(MATERIAL PROVIDED begins)
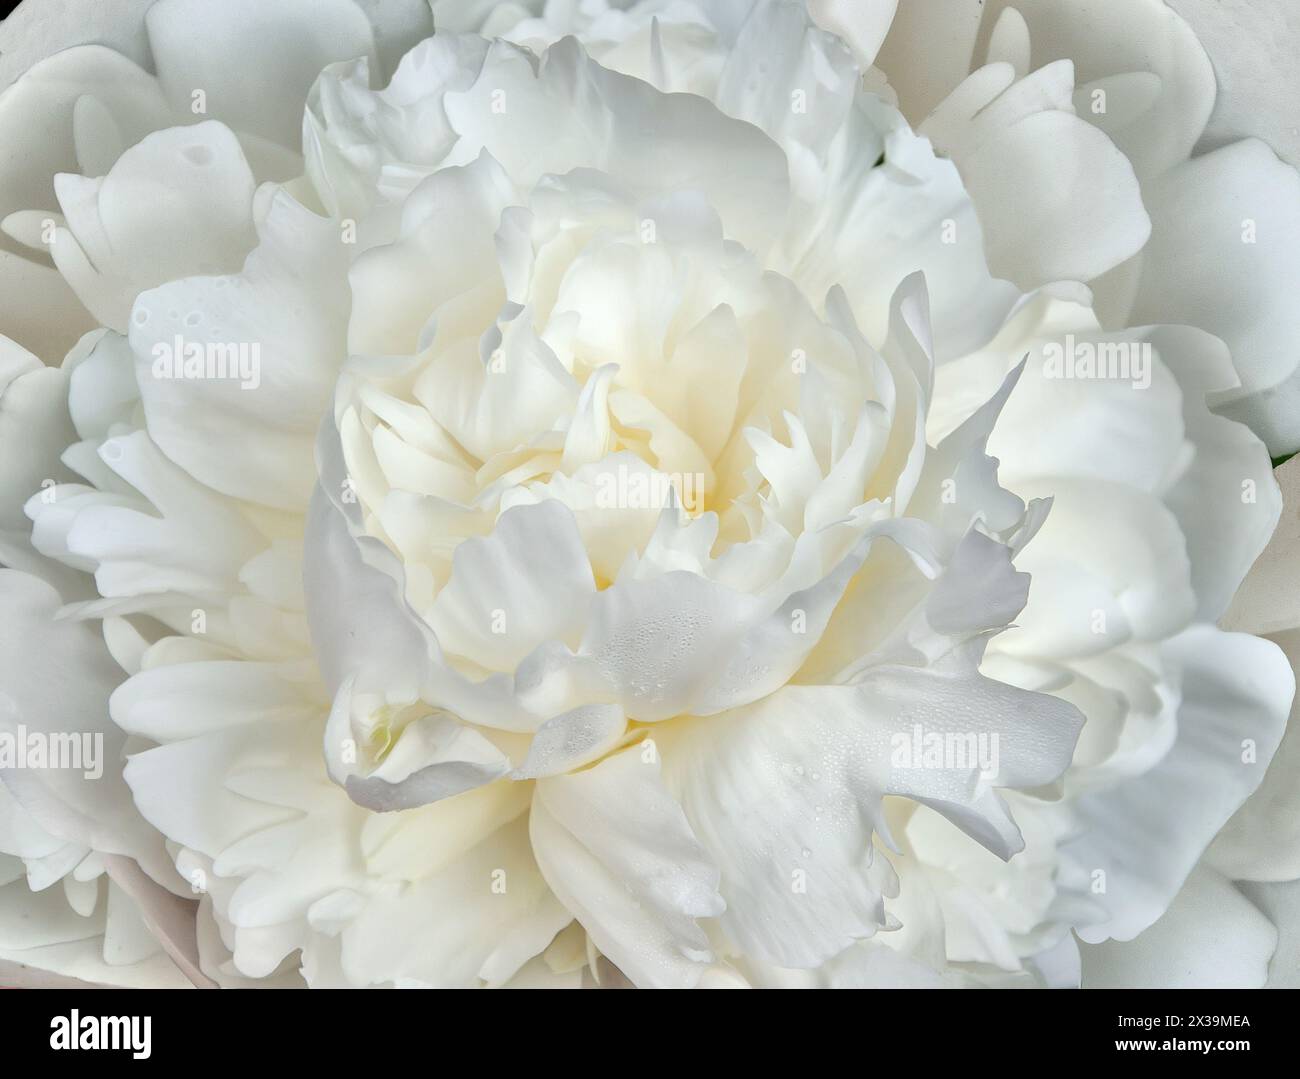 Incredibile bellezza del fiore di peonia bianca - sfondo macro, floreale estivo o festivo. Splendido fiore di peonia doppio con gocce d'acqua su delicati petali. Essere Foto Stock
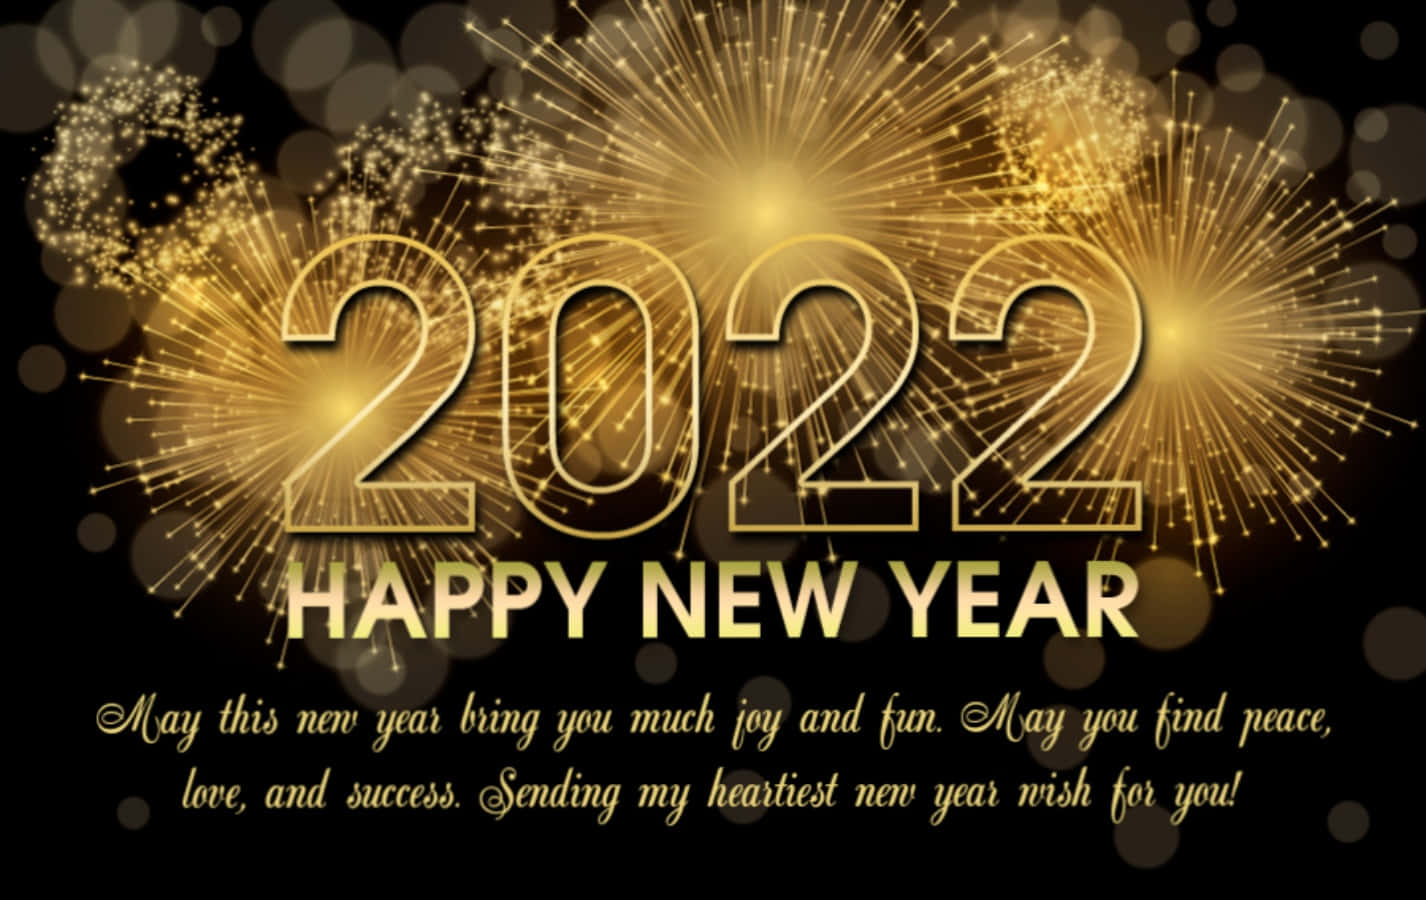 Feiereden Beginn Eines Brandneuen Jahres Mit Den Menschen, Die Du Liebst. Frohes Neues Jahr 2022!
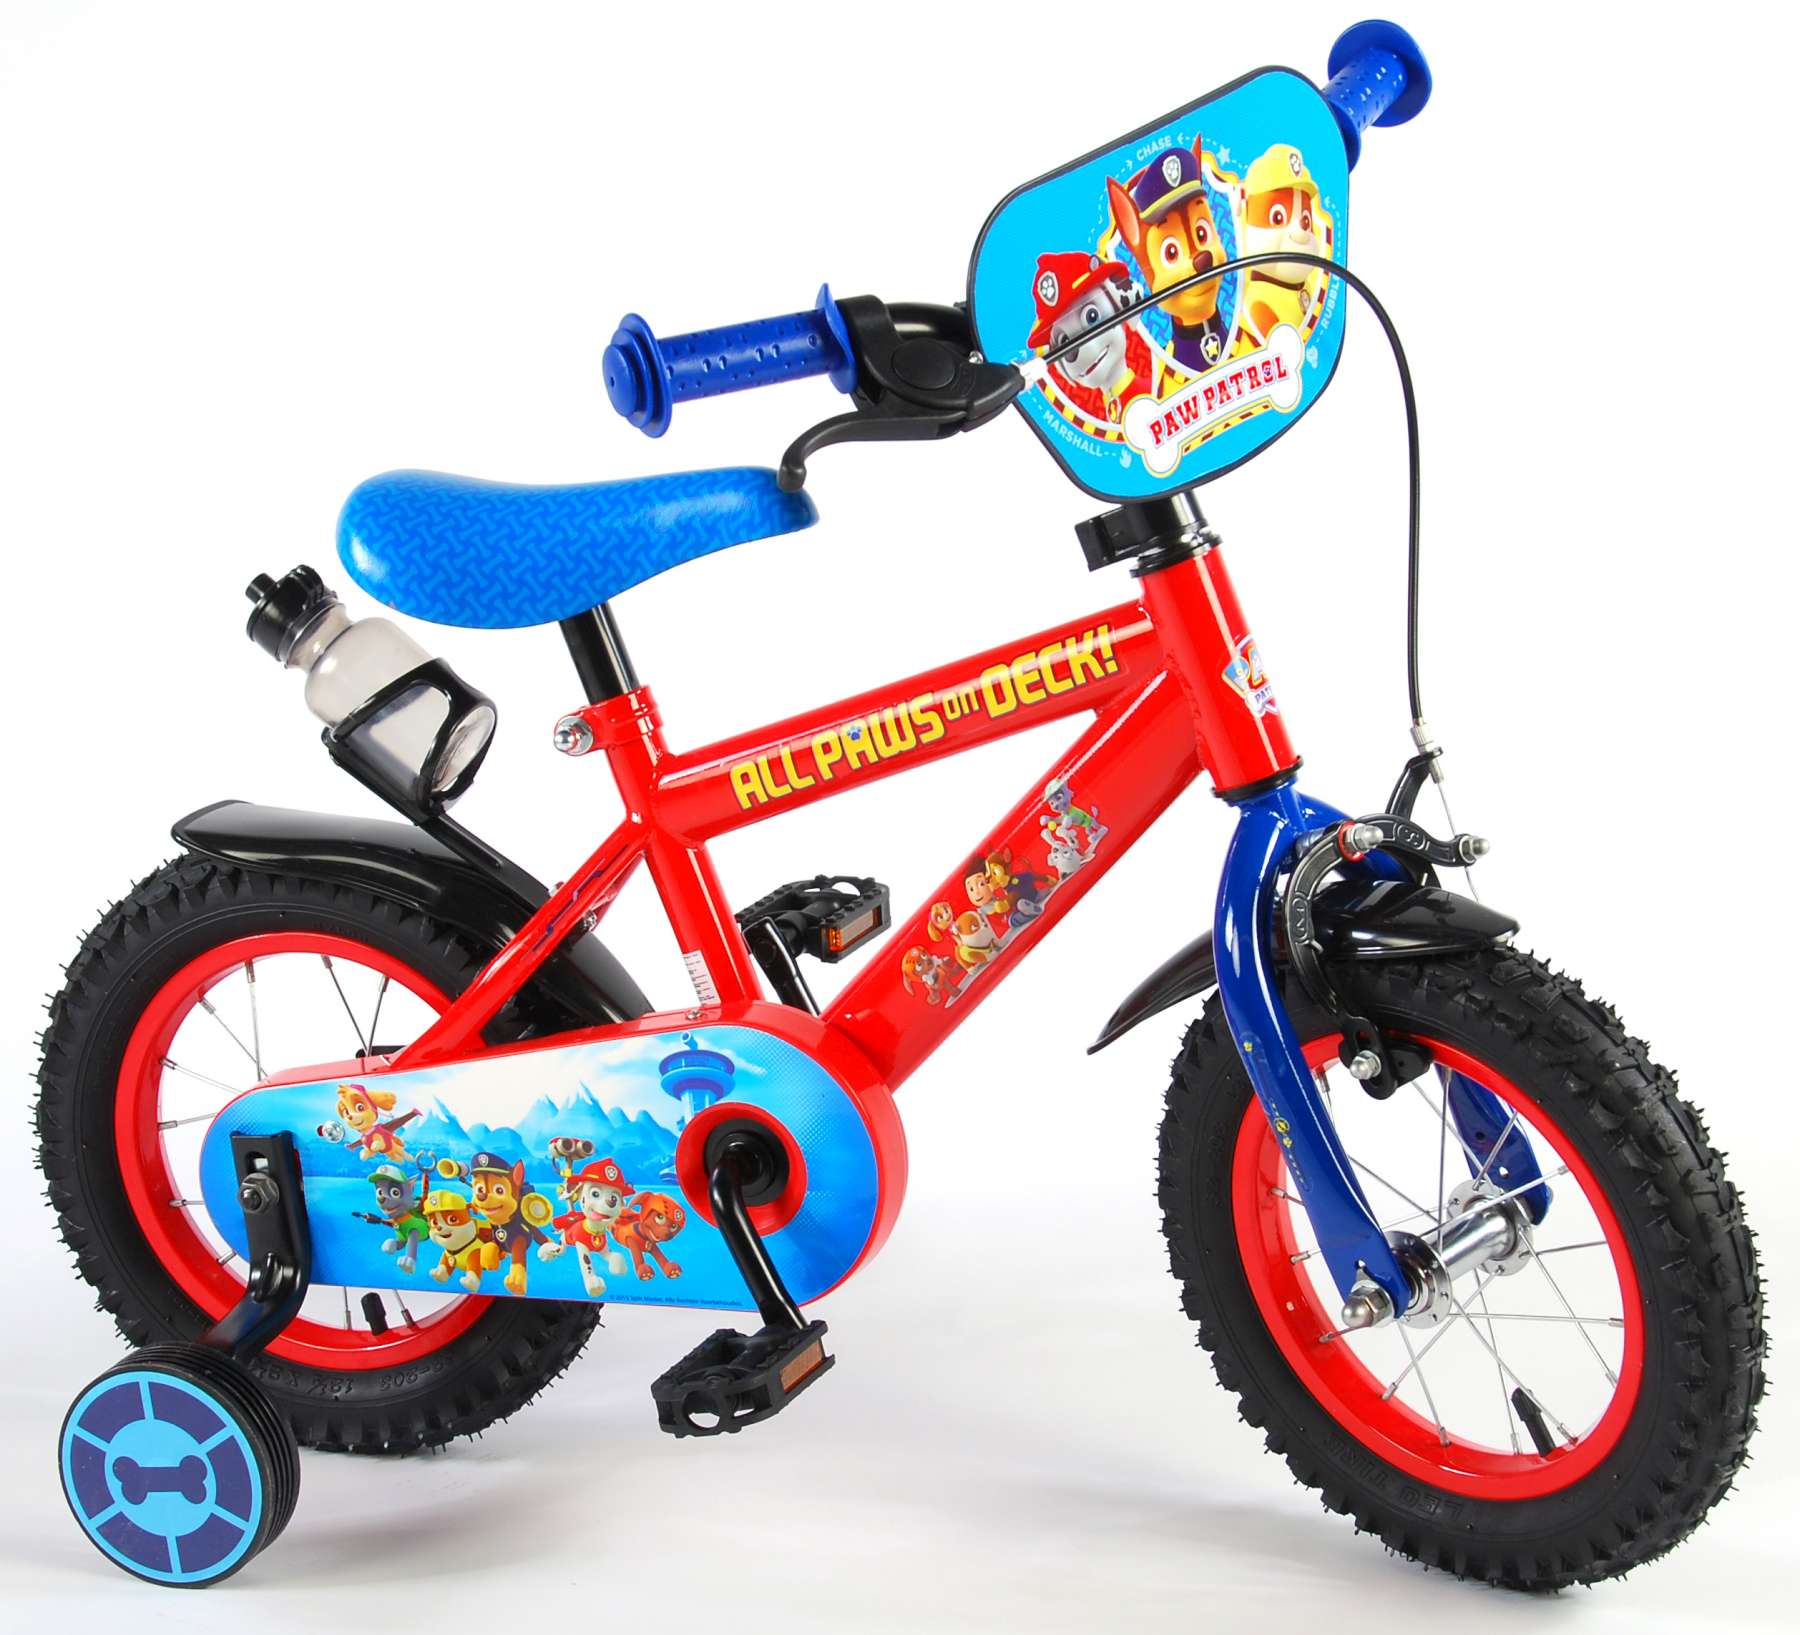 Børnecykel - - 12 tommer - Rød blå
(MATERIAL PROVIDED ends)
◆ AIM OF THE TASK
Restate the data above verbatim, skipping every image.

◆ EXERCISE ANSWER
 Incredibile bellezza del fiore di peonia bianca - sfondo macro, floreale estivo o festivo. Splendido fiore di peonia doppio con gocce d'acqua su delicati petali. Essere Foto Stock
 Feiereden Beginn Eines Brandneuen Jahres Mit Den Menschen, Die Du Liebst. Frohes Neues Jahr 2022!
 Børnecykel - - 12 tommer - Rød blå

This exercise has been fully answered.